Burr Steven, Martin Theresa, Edwards James, Ferguson Colin, Gilbert Kerry, Gray Christian, Hill Adele, Hosking Joanne, Johnstone Karen, Kisielewska Jolanta, Milsom Chloe, Moyes Siobhan, Rigby-Jones Ann, Robinson Iain, Toms Nick, Watson Helen, Zahra Daniel
Peninsula Medical School.
School of Clinical Medicine.
MedEdPublish (2016). 2021 Feb 3;10:32. doi: 10.15694/mep.2021.000032.1. eCollection 2021.

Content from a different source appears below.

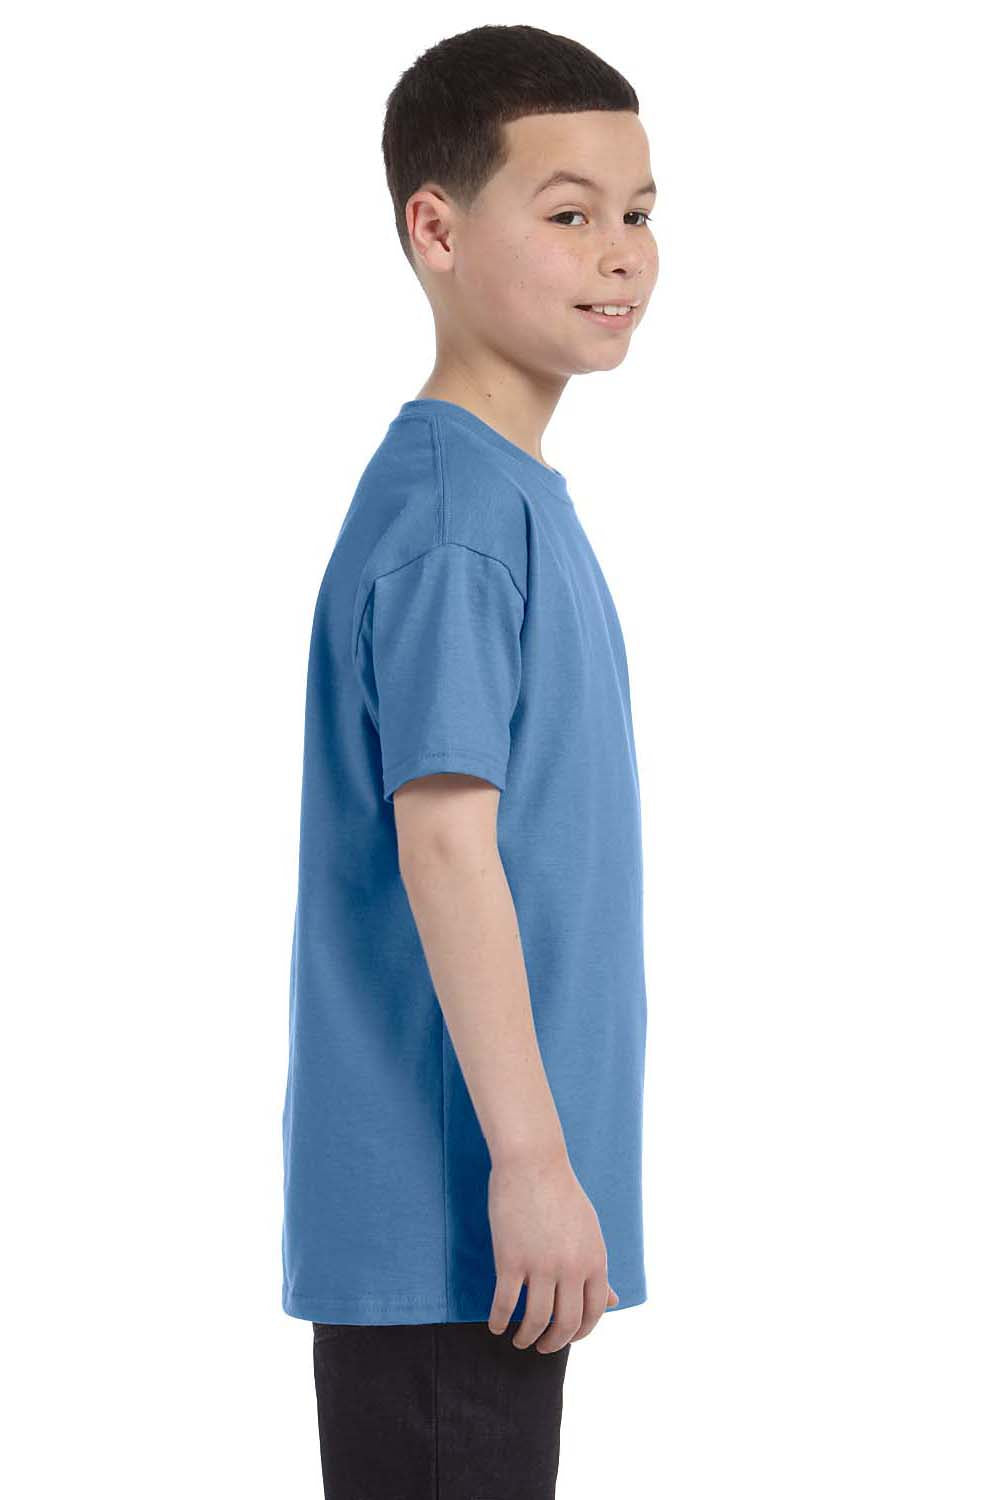 Hanes 54500 Youth ComfortSoft Short Sleeve Crewneck T-Shirt Carolina Blue Side

This article was migrated. The article was marked as recommended. We challenge the philosophical acceptability of the Angoff method, and propose an alternative method of standard setting based on how important it is for candidates to know the material each test item assesses, and how difficult it is for a subgroup of candidates to answer each item. The practicalities of an alternative method of standard setting are evaluated here, for the first time, with direct comparison to an Angoff method. To negate bias due to any leading effects, a prospective cross-over design was adopted involving two groups of judges (n=7 and n=8), both of which set the standards for the same two 100 item multiple choice question tests, by the two different methods. Overall, we found that the two methods took a similar amount of time to complete. The alternative method produced a higher cut-score (by 12-14%), and had a higher degree of variability between judges' cut-scores (by 5%). When using the alternative method, judges reported a small, but statistically significant, increase in their confidence to decide accurately the standard (by 3%). This is a new approach to standard setting where the quantitative differences are slight, but there are clear qualitative advantages associated with use of the alternative method.
本文已迁移。该文章被标记为推荐文章。我们对安格夫方法的哲学可接受性提出质疑,并基于考生了解每个测试项目所评估内容的重要性以及某一考生亚组回答每个项目的难度,提出一种替代的标准设定方法。本文首次对一种替代标准设定方法的实用性进行评估,并与安格夫方法进行直接比较。为消除任何引导效应导致的偏差,采用了前瞻性交叉设计,涉及两组评判员(一组7人,另一组8人),两组均通过两种不同方法为相同的两份包含100道多项选择题的测试设定标准。总体而言,我们发现两种方法完成所需时间相近。替代方法得出的及格分数更高(高12% - 14%),评判员及格分数之间的变异性也更高(高5%)。使用替代方法时,评判员报告称他们准确判定标准的信心有小幅但在统计学上显著的提升(提升3%)。这是一种标准设定的新方法,虽然定量差异微小,但使用替代方法具有明显的定性优势。